Experimental program
Comparison scheme
Effect test

Embodiment 1

[0112] Definition of clinical valuation and response

[0113] The current study is part of a publicly labelled, multicenter, non-comparative Phase 2 clinical study, in which patients with relapsed or refractory AML (Harousseau et al. (2003)) are treated with tipifarnib, for For the first 21 consecutive days of each 28-day cycle, the initial oral dose is 600 mg twice a day. The patients were divided into two groups: those with relapsed AML and those with refractory AML. A total of 252 patients (135 relapsed and 117 refractory) were treated. Eighty patients were selected to provide bone marrow samples for RNA microarray analysis, and patient consent was separately obtained for this. The overall response rate in this study was relatively low.

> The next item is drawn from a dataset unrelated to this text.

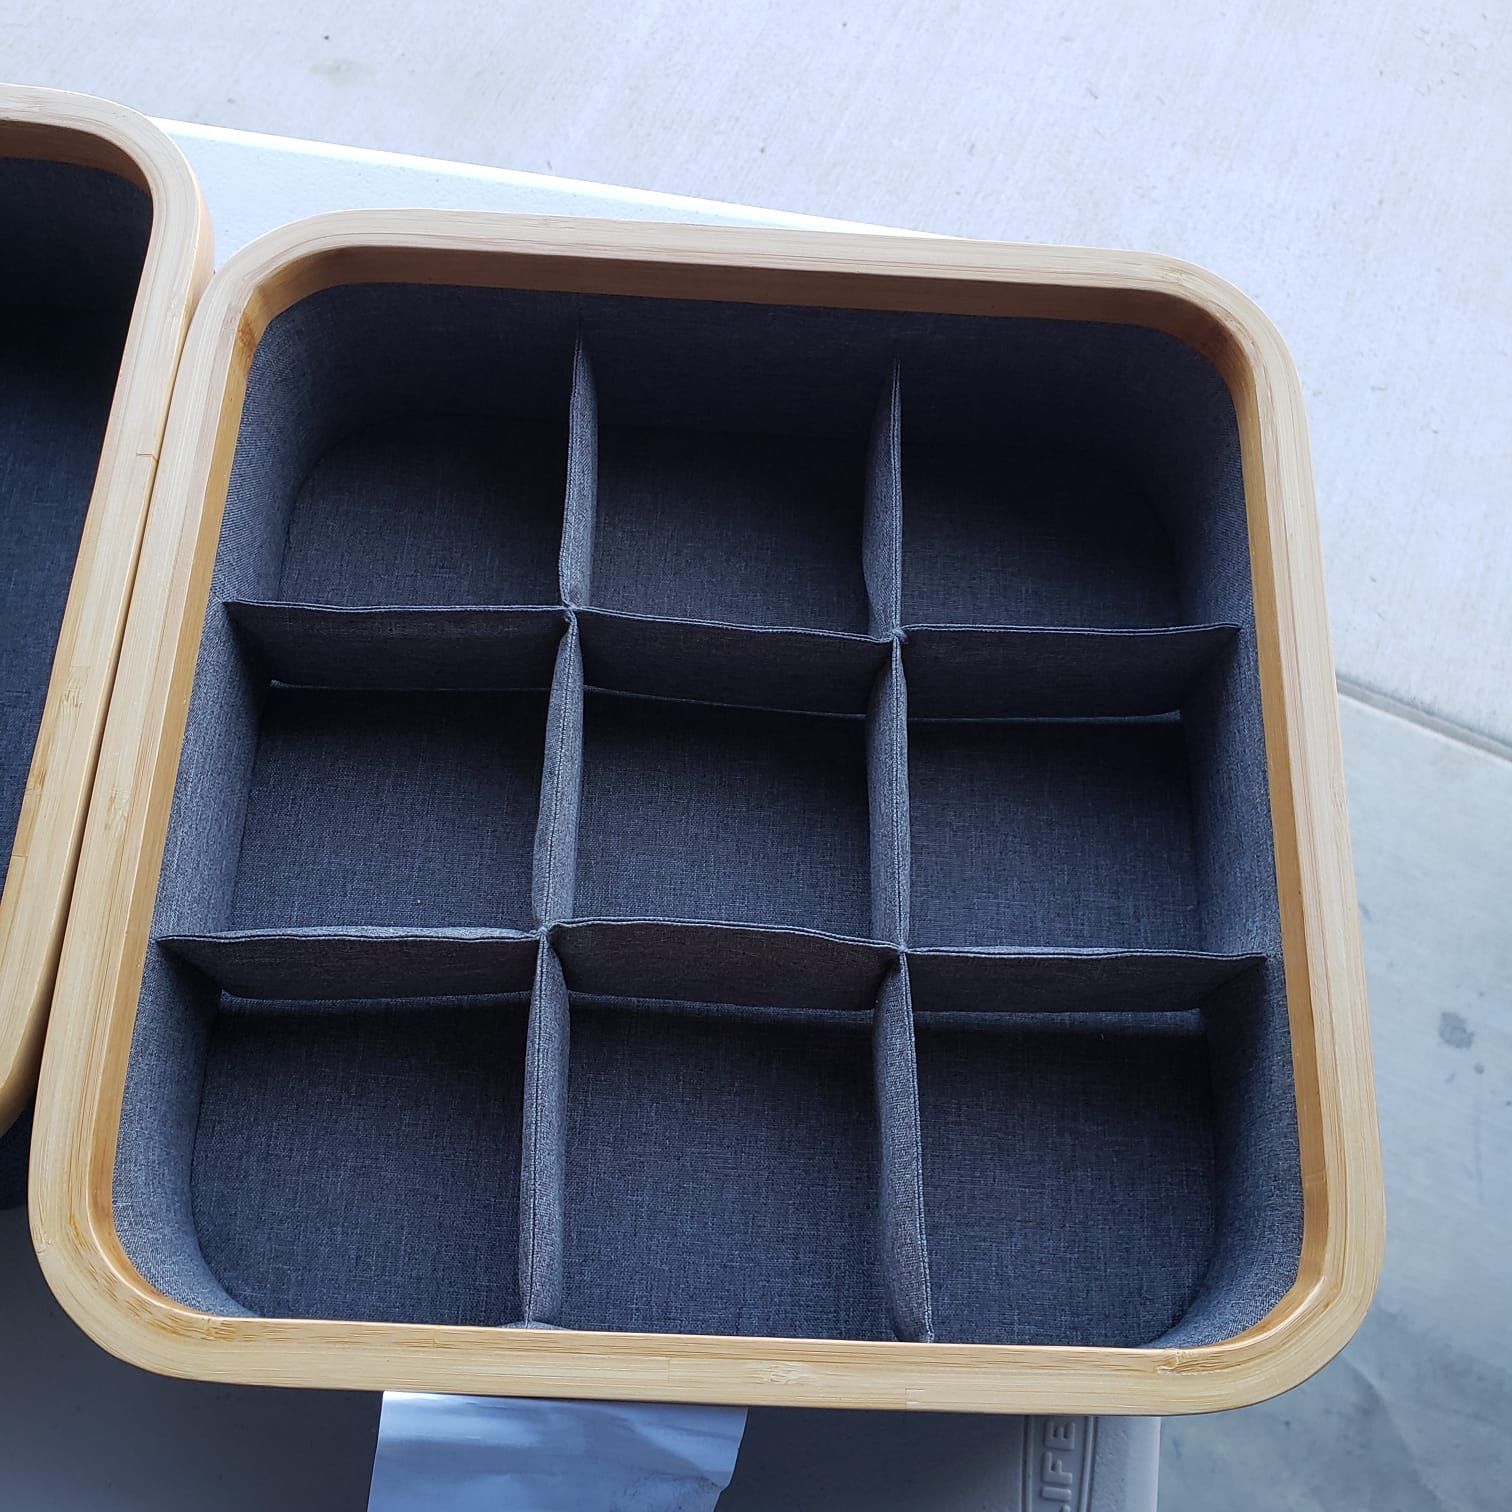 3-piece drawer organizer set

[0114] Therefore, for the purpose of gene expression profiling, the response to tipifarnib is defined as the patient having an objective response (complete remission [CR], complete remission with incomplete platelet recovery [CRp] or partial...

Embodiment 2

[0143] Identify genes that are differentially expressed between responders and non-responders

[0144] Second, we used gene expression data to conduct a supervised analysis to identify genes that are differentially expressed between all responders and at least 40% of non-responders. These criteria can be selected to identify genes with the highest possible level of sensitivity that can predict the response to tipifarnib. From the 11,723 genes, a total of 19 genes that can classify responders and non-responders and give a significant P value in the t-test were identified (see Table 3 and Table 10 for more details). These genes include those involved in signal transduction, apoptosis, cell proliferation, tumorigenesis and possibly FTI biology (ARHH, AKAP13, IL3RA).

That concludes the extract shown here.